Almost every sixth human worldwide suffers from diabetes, obesity or both. Interestingly, genetic differences can only explain a proportion of cases. A second, more enigmatic regulatory system seems to play a central role in the development of the disease: so-called ‘epi’genetic regulation.
PhD student Tess Lu and the Freiburg scientist J. Andrew Pospisilik from the Max Planck Institute of Immunobiology and Epigenetics found evidence that type-2 diabetes may result in part from insulin cells that lose their epigenetic memory, and thus, their function. For upcoming studies, Pospisilik was awarded with a Rising Star award at the conference of the European Association for the Study of Diabetes in Barcelona.
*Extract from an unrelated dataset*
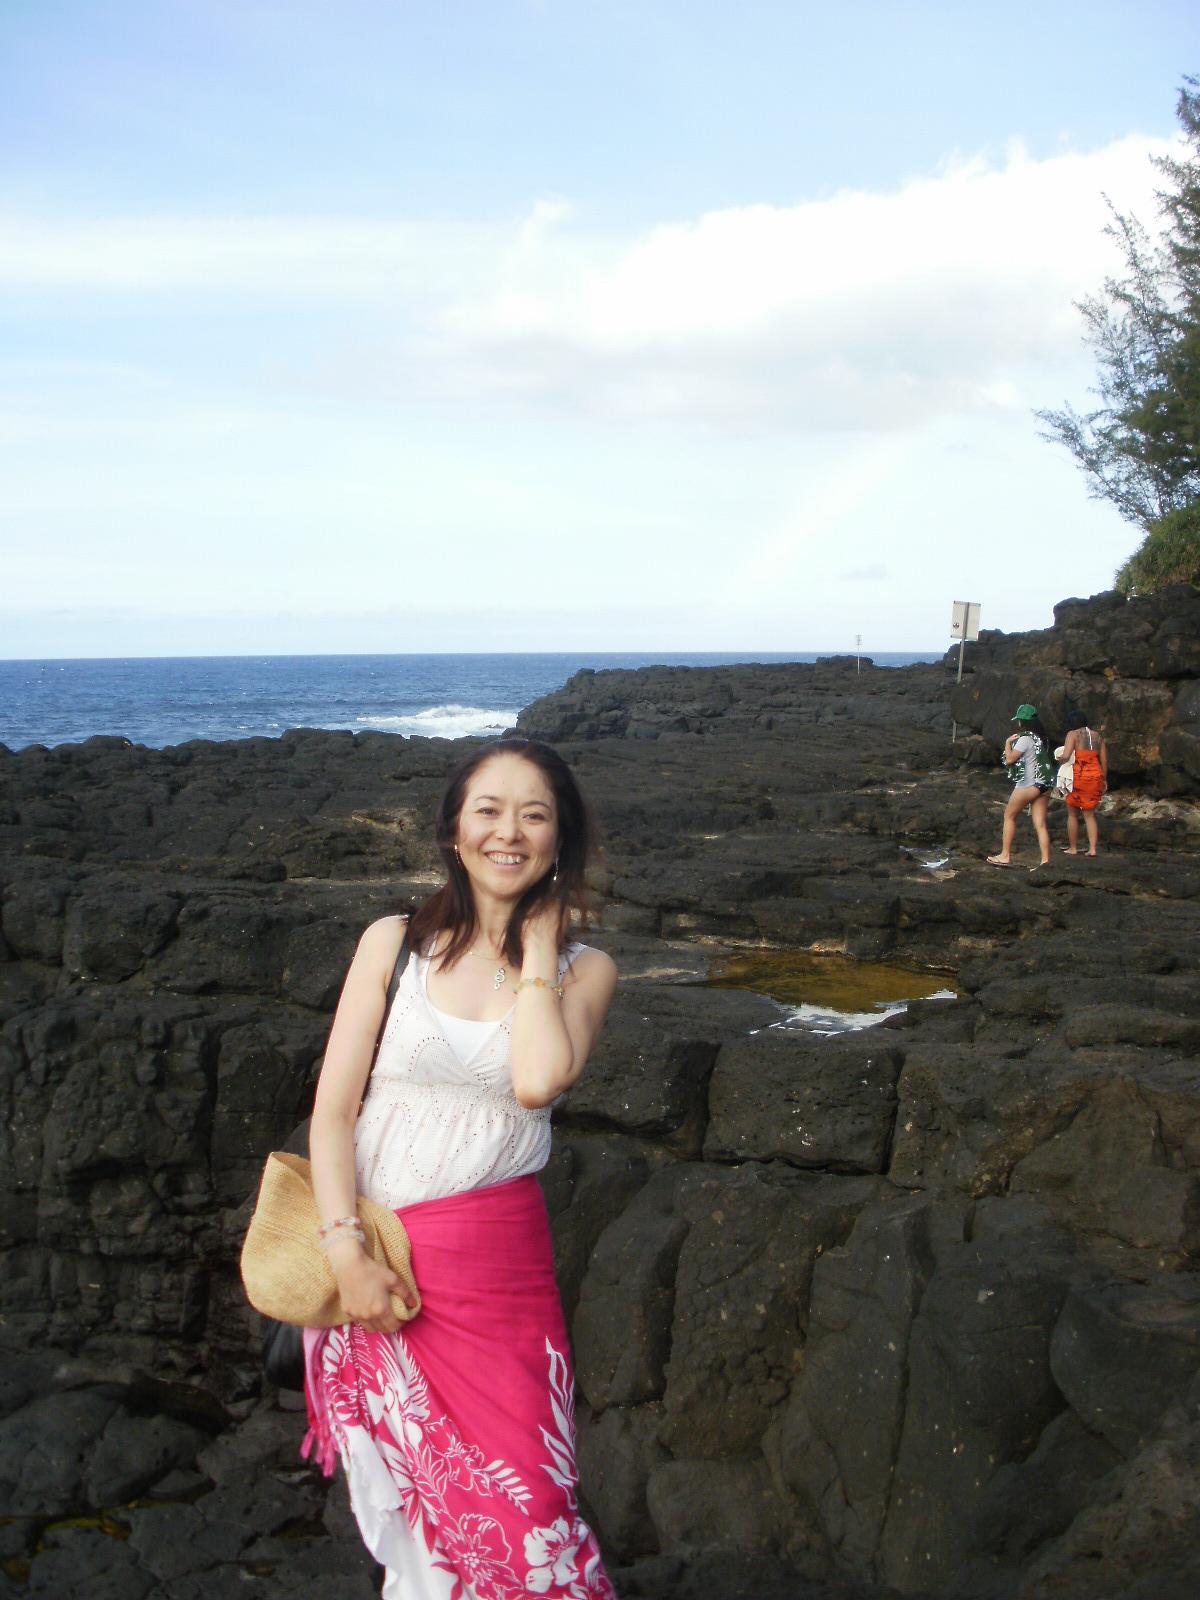 シャスタでの虹とカウアイ島での虹_f0095325_2584834.jpg

Epigenetic regulation determines gene activity in different cell types and acts as a kind of cell-type specific memory. This epigenetic memory can be modified by external factors such as diet and stress. At the same time it can remain conserved throughout many cell divisions and even generations.
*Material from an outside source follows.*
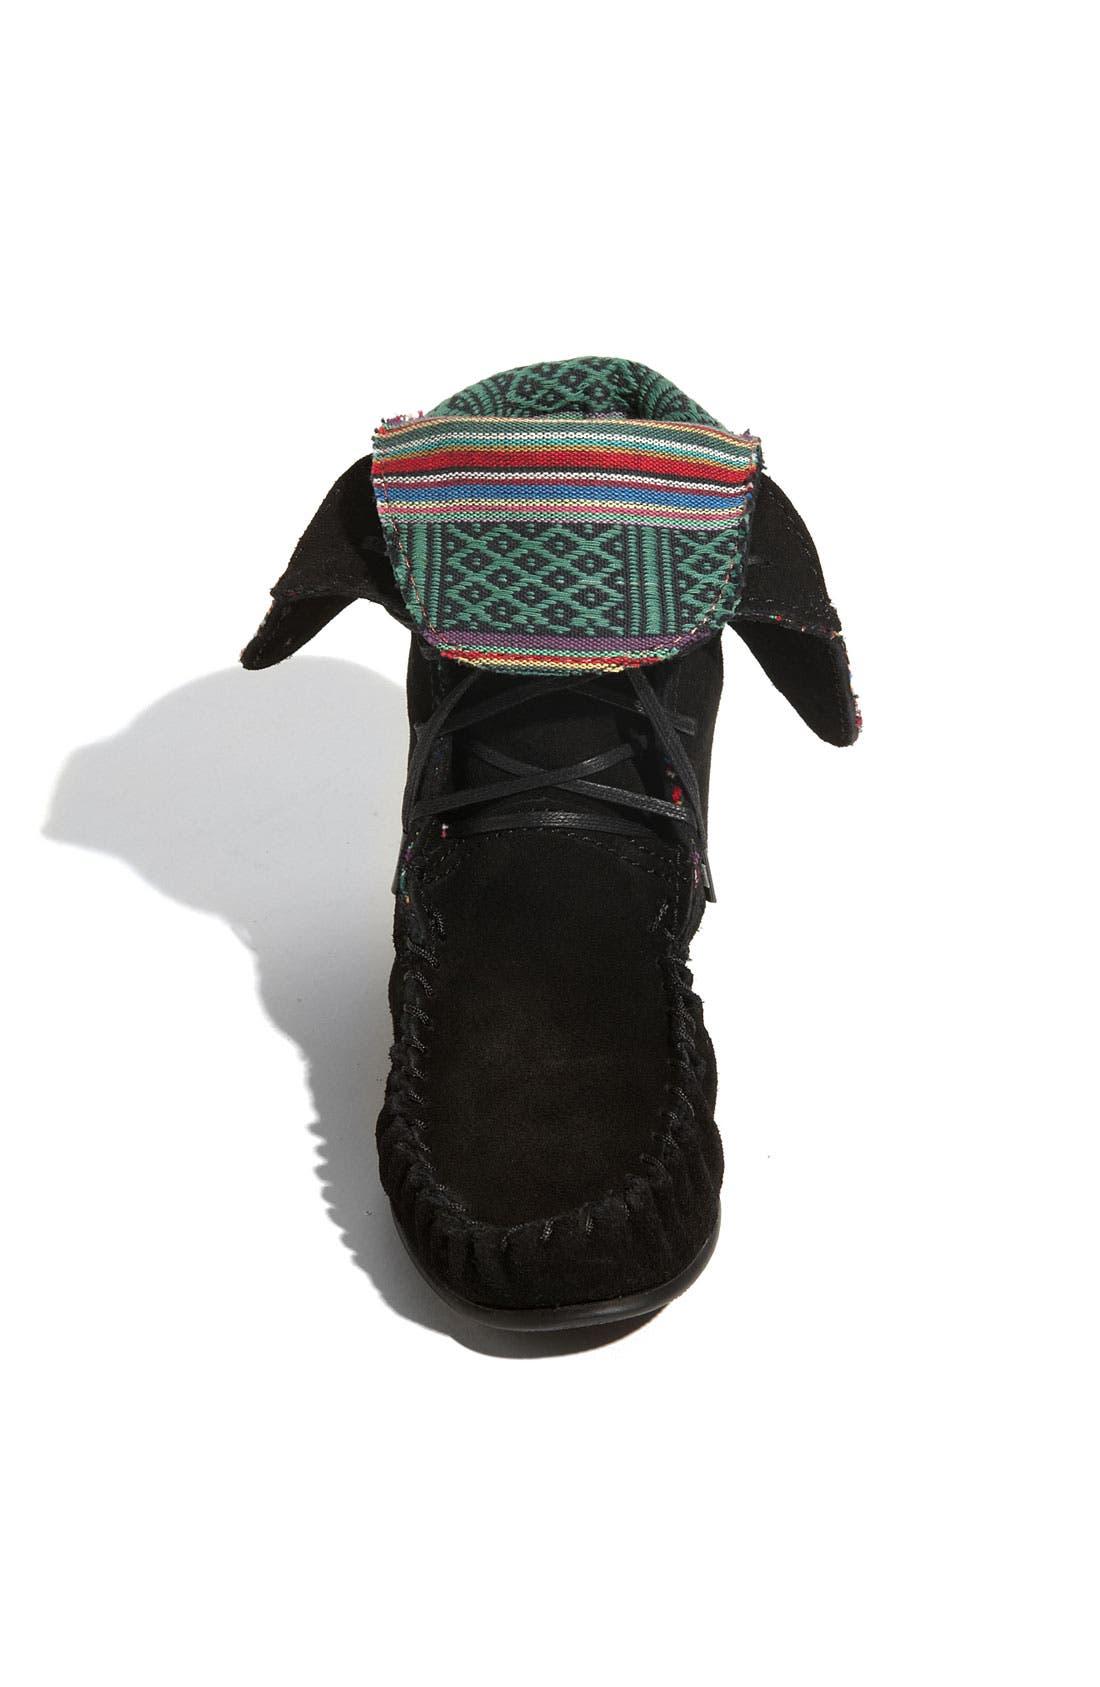 STEVE MADDEN, 'Tblanket' Moc Boot, Alternate thumbnail 3, color, 015

In 2012, researchers unraveled a long overseen mechanism for how we develop type-2 diabetes. Rather than dying, or shutting down function, insulin producing beta-cells seemed to be “forgetting” their fate and reverting towards a more stem cell like identity. Although this idea is new, the Pospisilik group was able to recreate this unique disease pathology by controlling epigenetic state. This finding will help enable researchers around the world to investigate the new diabetes form in great detail.
The Freiburg researchers switched off the gene for an epigenetic regulator previously shown to control entire programs of cellular identity. Animals with this modification were first healthy and developed normal insulin producing cells. But at around middle-age, the cells forgot their function and the animals could not control their blood sugar anymore. The researchers did not find any hints for inflammations, cell death or cell proliferation, leaving behind ‘ghost-like’ cells with no clear markers of their former selves.
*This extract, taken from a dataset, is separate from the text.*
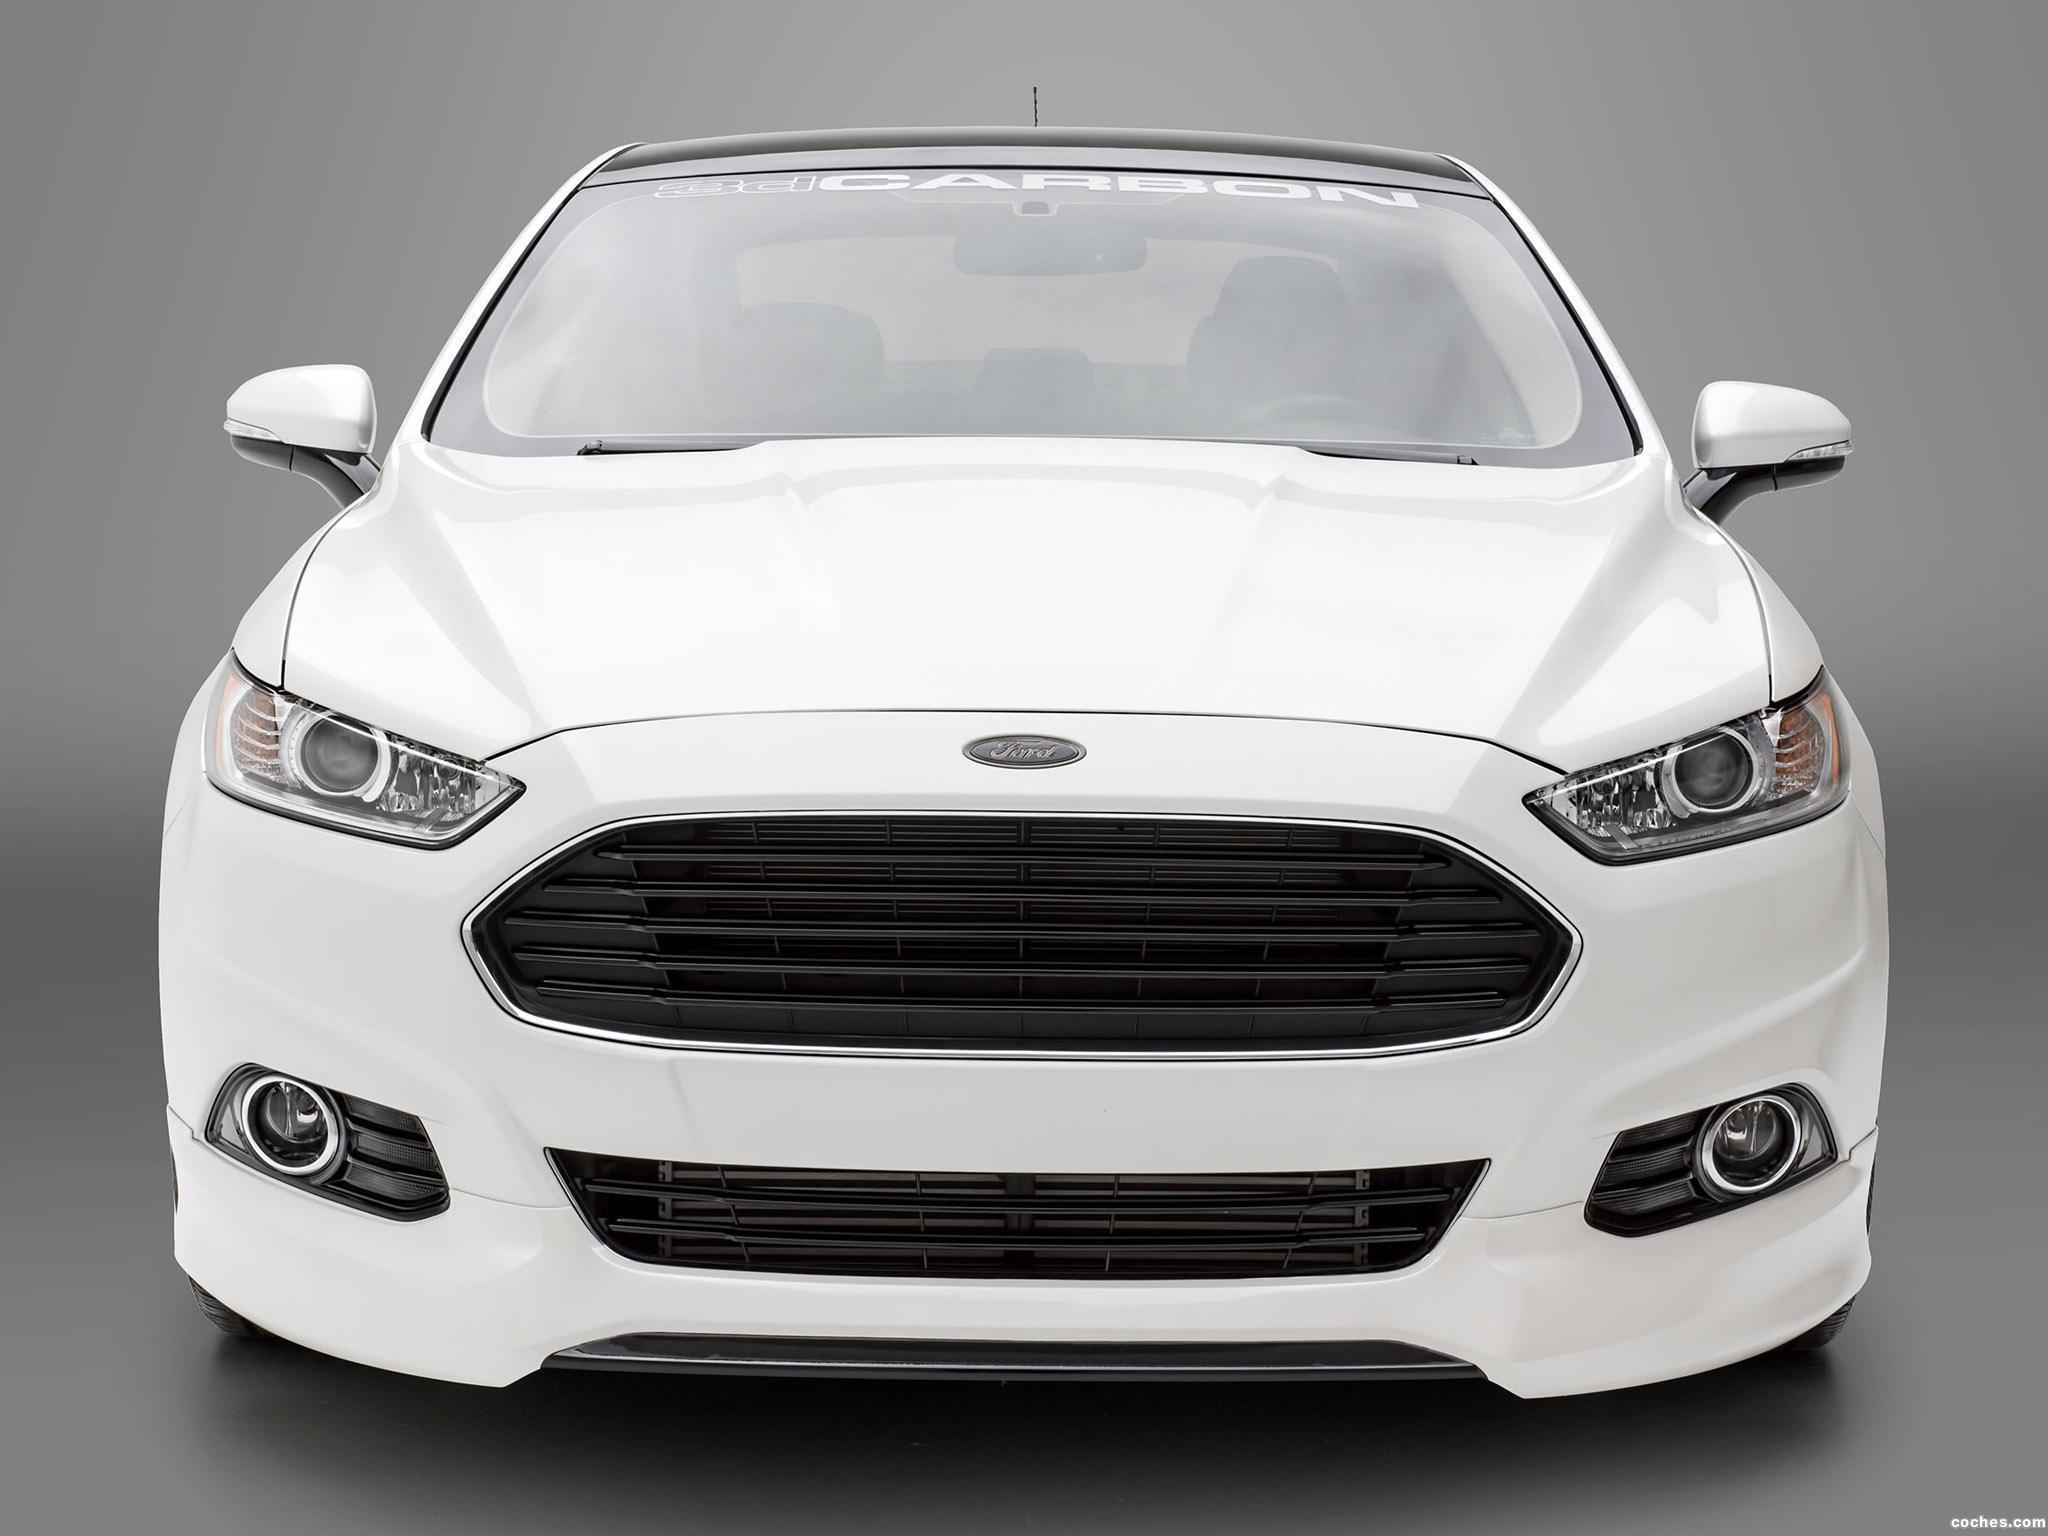 Foto 0 de Ford 3dCarbon Fusion 2013

With the “rising star” award, Pospisilik aims to investigate the epigenetic profile of individual cells and find out, which epigenetic alterations in detail are involved in diabetes development. The research group will combine cellular, biochemical and analytic methods and the new data will be easily accessible for other researchers through an open access platform.
“These studies will give the diabetes community some first insights into how epigenetic profiles remain stable and why insulin producing cells forget their function,” says Pospisilik. “The research is suited to make an important contribution to fundamental concepts such as stem cell differentiation. At the same time, the research will lead to a deeper understanding of a disease that affects millions of people. It may even open new therapeutic strategies.”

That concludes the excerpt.